25 December, 2006

Inside a crisis at crisis

Most of us when we were kids had this thing about Santa coming down the chimney with a sack full of goodies just for you. I always thought this was a bit far fetched even as a kid as we didn't have a chimney and I often wondered how the hell Santa left my presents but age has caught up with me and and the truth is out. Good times and good dreams have have come and gone at sporadic intervals. The only thing that has been constant is time. I am definitely older and a little wiser. So seeing people who have nothing not even a roof over their head at Christmas is sad but seeing them drown from life's problems is sadder. Christmas is a time most of us spend with families and friends but for some, it's a time of reflection and what could have been and sadness . Most of us have all hit low patches in our lives me included but just imagine having to suffer in silence for years and the only way to get away from it all was to run as far as you could but even that isn't far enough. With no hope of a future you turn to the bottle or drugs thus becoming another outcast. One of the socially excluded. Its that simple to become homeless and disillusioned.

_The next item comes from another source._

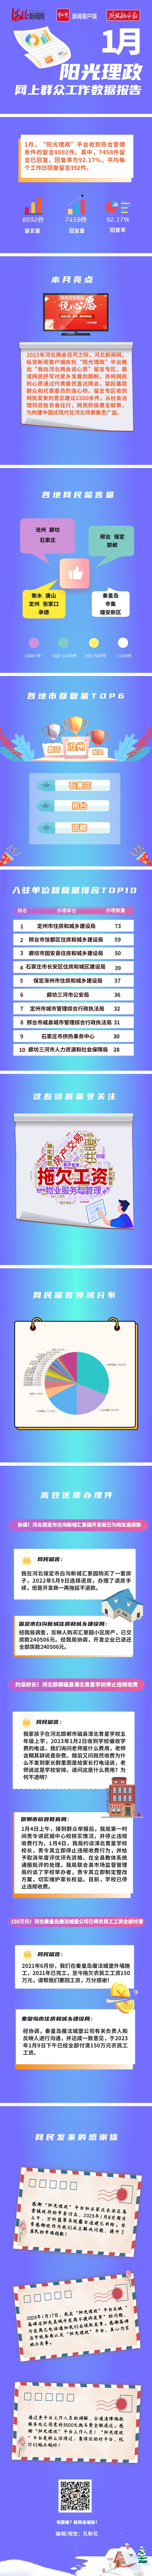 河北新闻网、纵览新闻“阳光理政”平台1月回复留言7458件 回复率达92.17%

At Christmas things only become more meaningless as memories are drowned by booze and drugs and the future well, what future? There isn't one, not one you can see anyway. It's funny but Christmas is a time of hope during the year there isn't much of that about.
All the volunteers at the crisis open Christmas give that just by standing around guarding doors and just talking to people that during the year would normally be ignored. Showing people that they are normal gives the first glimpses of hope and who knows what follows? maybe a merry Christmas.